在某些情況下，你可能不需要以腳本編程的方式操作 Headless Chrome。可以使用一些有用的命令行標誌來執行常見的任務。

列印 DOM

--dump-dom 標誌將列印 document.body.innerHTML 到標準輸出：

chrome --headless --disable-gpu --dump-dom https://www.chromestatus.com/

創建一個 PDF

--print-to-pdf 標誌將頁面轉出為 PDF 文件：

chrome --headless --disable-gpu --print-to-pdf https://www.chromestatus.com/

截圖

要捕獲頁面的屏幕截圖，請使用 --screenshot 標誌：

chrome --headless --disable-gpu --screenshot https://www.chromestatus.com/

# Size of a standard letterhead.
chrome --headless --disable-gpu --screenshot --window-size=1280,1696 https://www.chromestatus.com/

# Nexus 5x
chrome --headless --disable-gpu --screenshot --window-size=412,732 https://www.chromestatus.com/

使用 --screenshot 標誌運行 Headless Chrome 將在當前工作目錄中生成一個名為 screenshot.png 的文件。

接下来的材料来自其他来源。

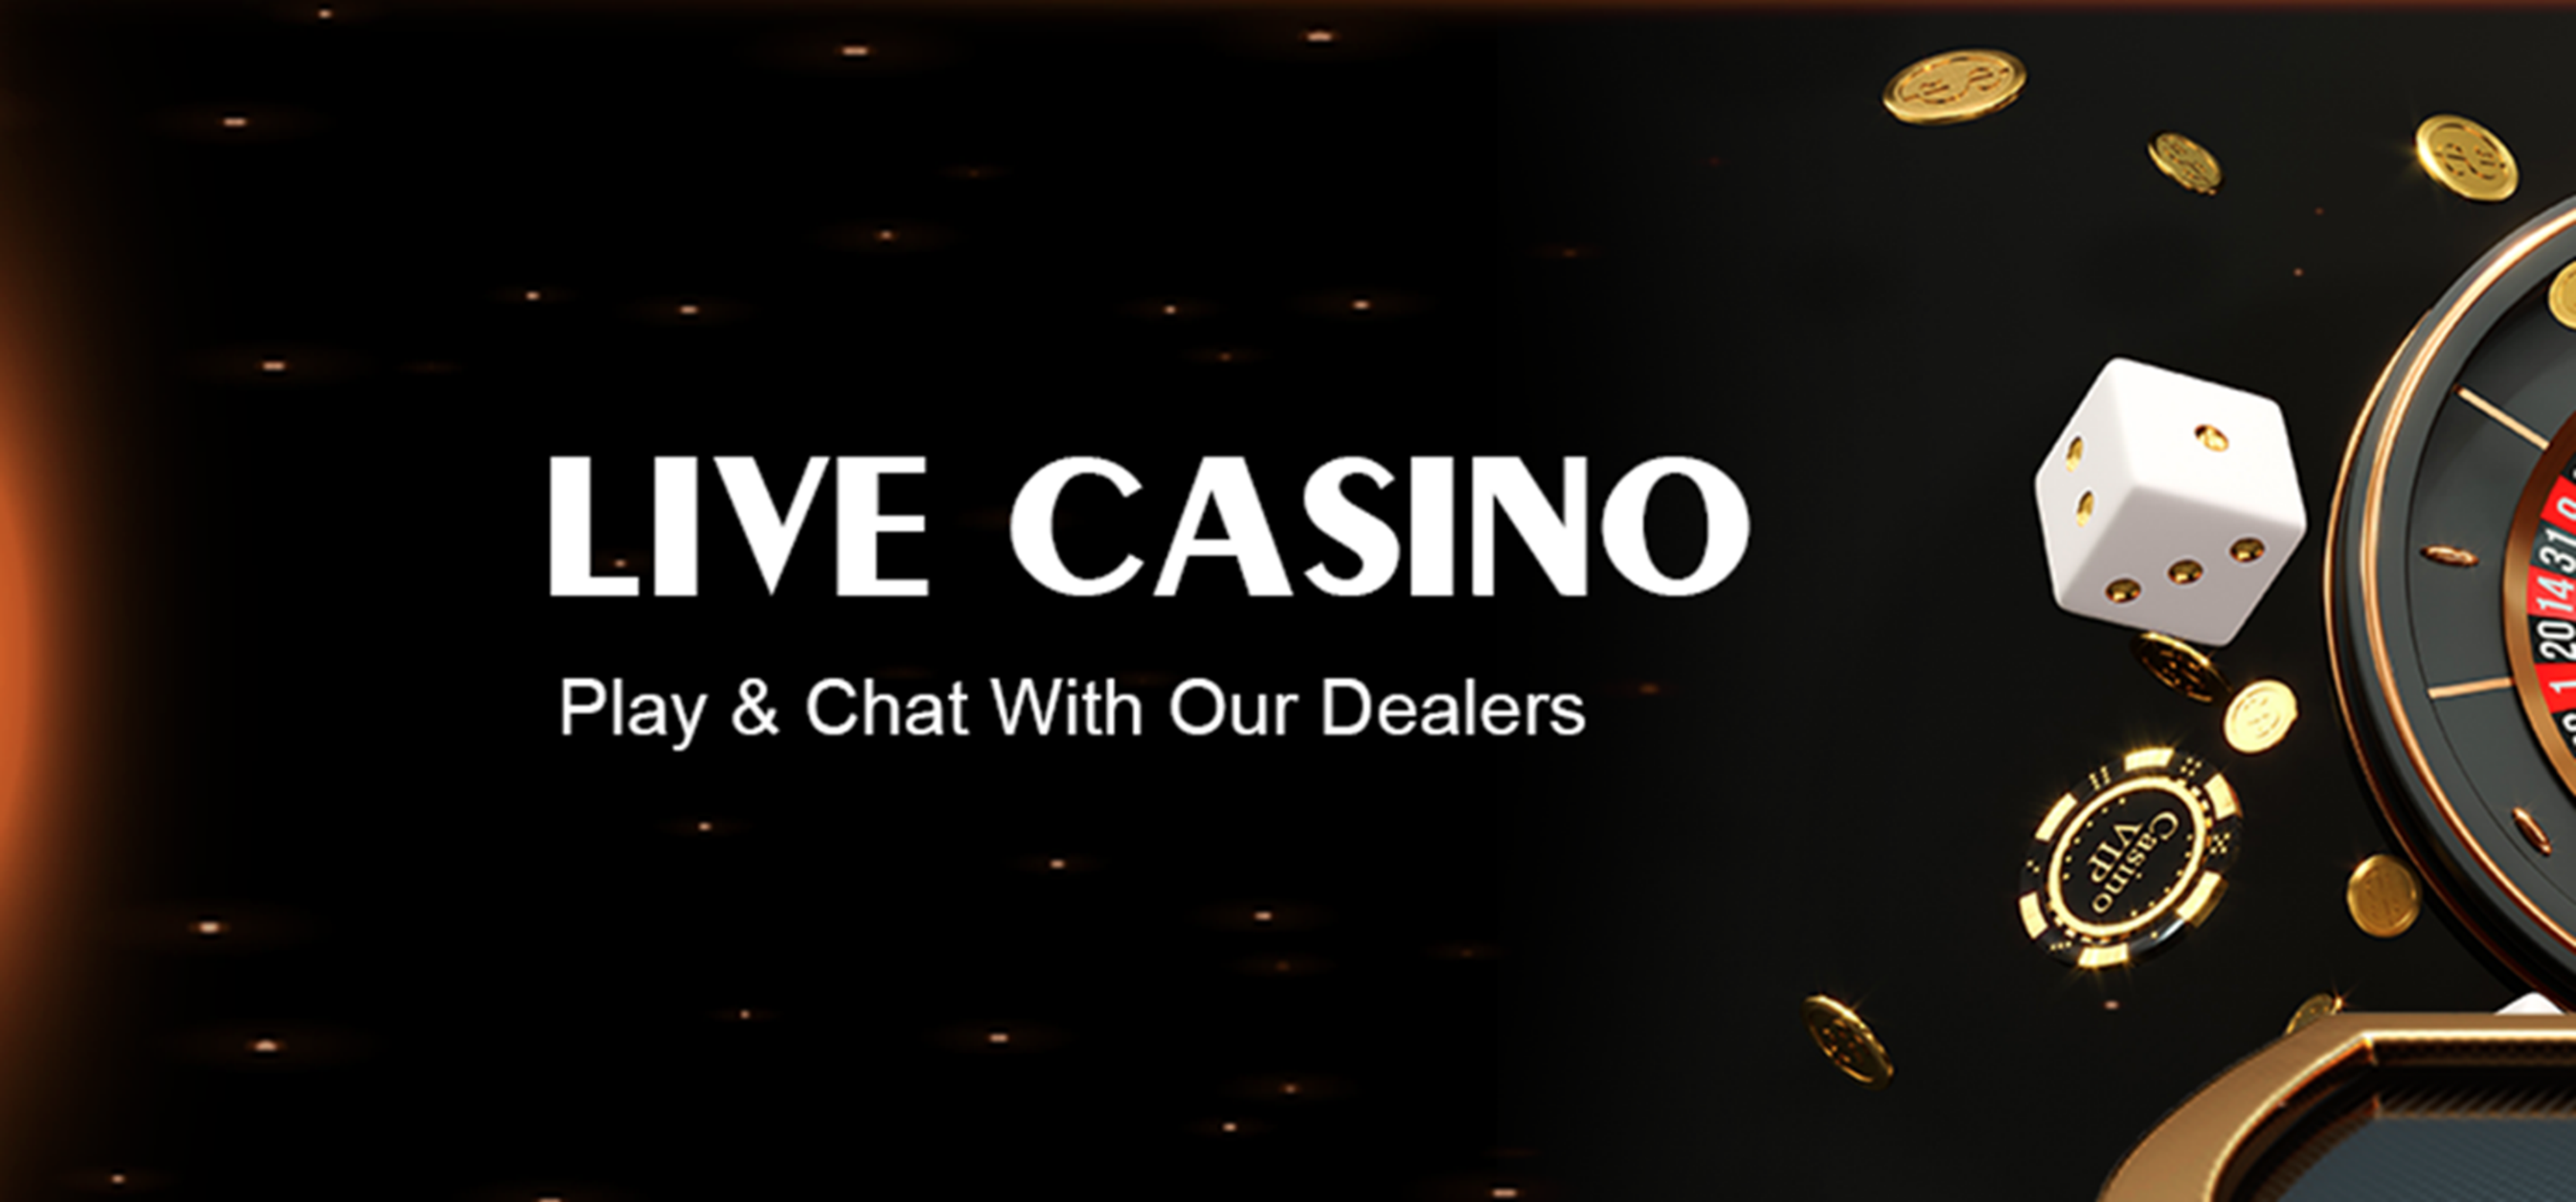 How to Take Advantage of Online Casino Promotions?

如果你正在尋求整個頁面的截圖，那麼會涉及到很多事情。來自 David Schnurr 的一篇很棒的博文已經介紹了這一內容。請查看使用 headless Chrome 作為自動截屏工具。

REPL 模式 (read-eval-print loop)

--repl 標誌可以使 Headless Chrome 運行在一個你可以使用瀏覽器評估 JS 表達式的模式下。執行下面的命令：

$ chrome --headless --disable-gpu --repl https://www.chromestatus.com/
[0608/112805.245285:INFO:headless_shell.cc(278)] Type a Javascript expression to evaluate or "quit" to exit.
>>> location.href
{"result":{"type":"string","value":"https://www.chromestatus.com/features"}}
>>> quit

在沒有瀏覽器界面的情況下調試 Chrome

當你使用 --remote-debugging-port=9222 運行 Chrome 時，它會啟動一個支持 DevTools 協議的實例。該協議用於與 Chrome 進行通信，並且驅動 Headless Chrome 瀏覽器實例。它也是一個類似 Sublime、VS Code 和 Node 的工具，可用於應用程序的遠程調試。#協同效應

由於你沒有瀏覽器用戶界面可用來查看網頁，請在另一個瀏覽器中輸入 http://localhost:9222，以檢查一切是否正常。你將會看到一個可檢查的 inspectable 頁面的列表，可以點擊它們來查看 Headless Chrome 正在呈現的內容：

DevTools 遠程調試界面

從這裡，你就可以像往常一樣使用熟悉的 DevTools 來檢查、調試和調整頁面了。如果你以編程方式使用 Headless Chrome，這個頁面也是一個功能強大的調試工具，用於查看所有通過網路與瀏覽器交互的原始 DevTools 協議命令。

使用編程模式（Node）

Puppeteer 庫 API

Puppeteer 是一個由 Chrome 團隊開發的 Node 庫。它提供了一個高層次的 API 來控制無需顯示版（或完全版）的 Chrome。它與其他自動化測試庫，如 Phantom 和 NightmareJS 相類似，但是只適用於最新版本的 Chrome。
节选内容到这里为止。